Report the tune-set accuracies for each of the possibles values for sigma and report the perceptron (only those kernel-features for which the absolute value of the weight is greater than 0.1) that has the highest accuracy on

*kernelTune*.

There is no guarantee that all of these options are equally hard, but you can get full credit regardless of which you choose, so select the ones that are most interesting to you.

We will not be auto-grading this portion of the HW.
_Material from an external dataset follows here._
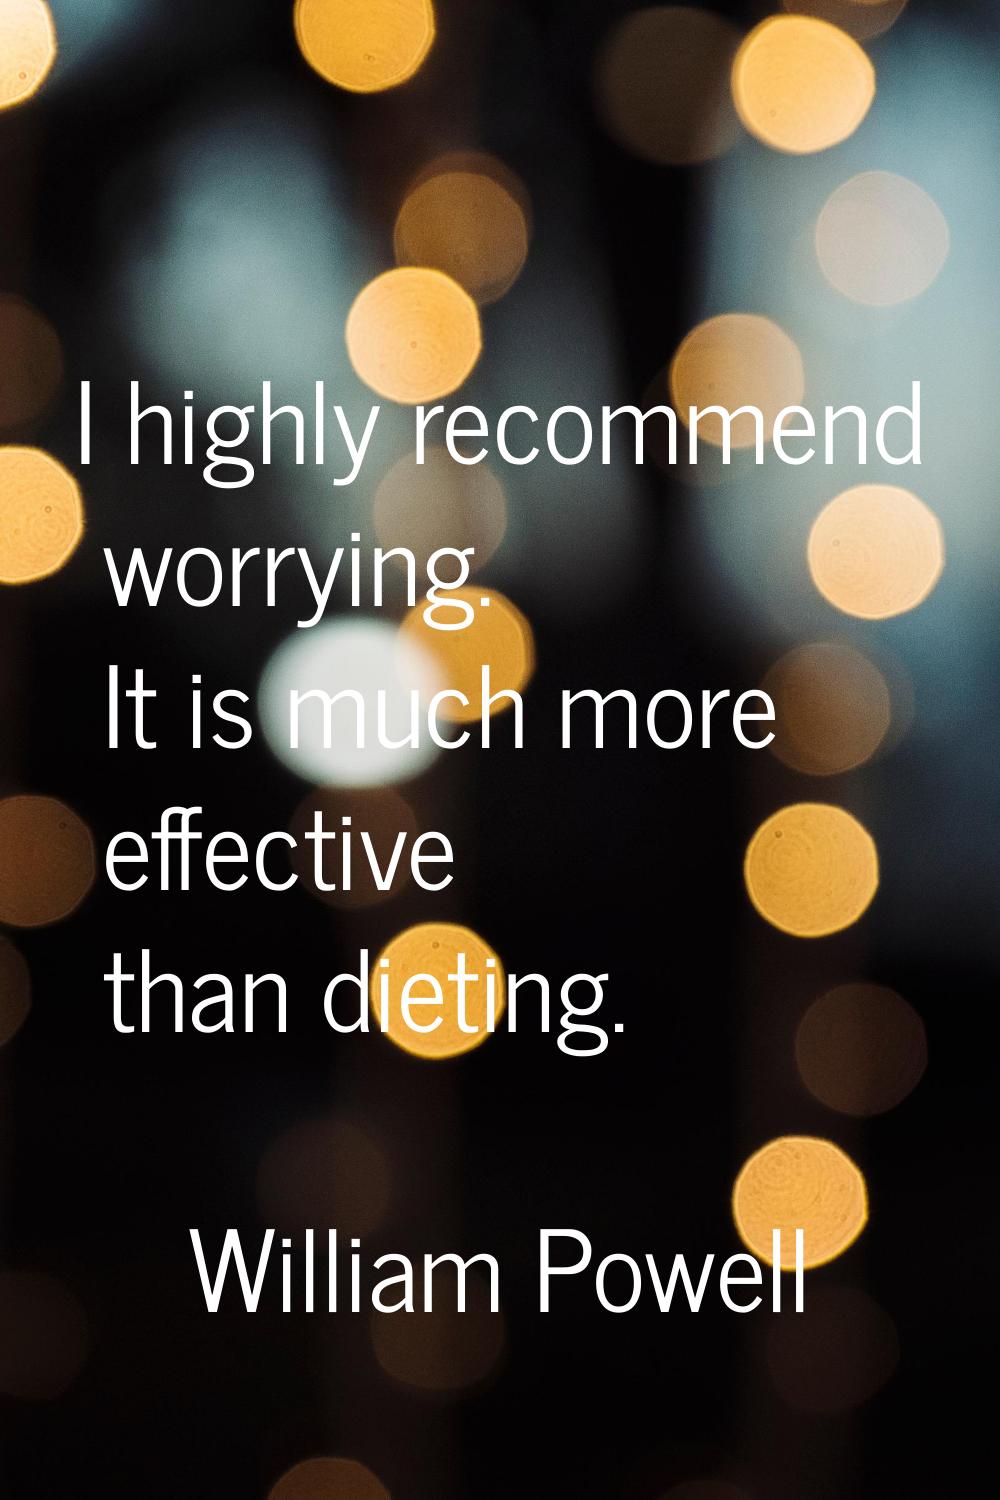 I highly recommend worrying. It is much more effective than dieting.

- Boosted perceptons for your non-kernel approach above (simply multiply the gradient by the example's current weight
or choose training examples for stochastic gradient descent proportional to their weight)
- Use ID3's information gain to scale the distances in the Gaussian kernel (such scaling
needs to be done separately on each fold of cross validation).
- Use voted perceptrons (see Lecture 20) for both your non-kernel and kernel experiments above.
- Neural networks with hidden units trained with backpropagation
- Use the kernel-based features created above with all of your previous homeworks (should be no need to
rewrite any old algorithms, which is why
*all*is requested here) - Create many
*random*'derived' features, convert your data into these features, and train a perceptron (with weight decay) on this representation. One way to create random features is as follows.*N*(1000, say) times do the following to create a derived feature. For each feature (including the '-1' feature for the threshold) in your dataset used in Part 1, randomly draw a weight in [-3,3], and pass this weighted sum through the sigmoid function (i.e., the 'soft' step function). Don't forget to transform your TESTSET examples the same way. Since these features are random, it is ok to do this ONCE for ALL folds, though also fine to create a fresh set of random features for each fold. - If you have taken a course like CS 525 (Intro to Linear Programming), use linear (or quadratic) programming to implement support vector machines
(if you choose this option, it is fine to use matlab, but you need to write your own code and not simply use some SVM package in Matlab; it
is fine to use an existing LP or QP solver - e.g., see http://en.wikipedia.org/wiki/COIN-OR#CLP)

```
HW3 task.names train_examples.data test_examples.data useGaussianKernel
```

The last argument is Boolean-valued. If it is "true," use the
kernel-based approach developed for the second part of this
homework, otherwise use the perceptron, with weight decay,
using the task's features as the input units.
Your code should print out the test-set accuracy, as well as the "names" of the miscategorized test-set examples. Recall that we name examples by their type and position in the testset, e.g., posTestEx1.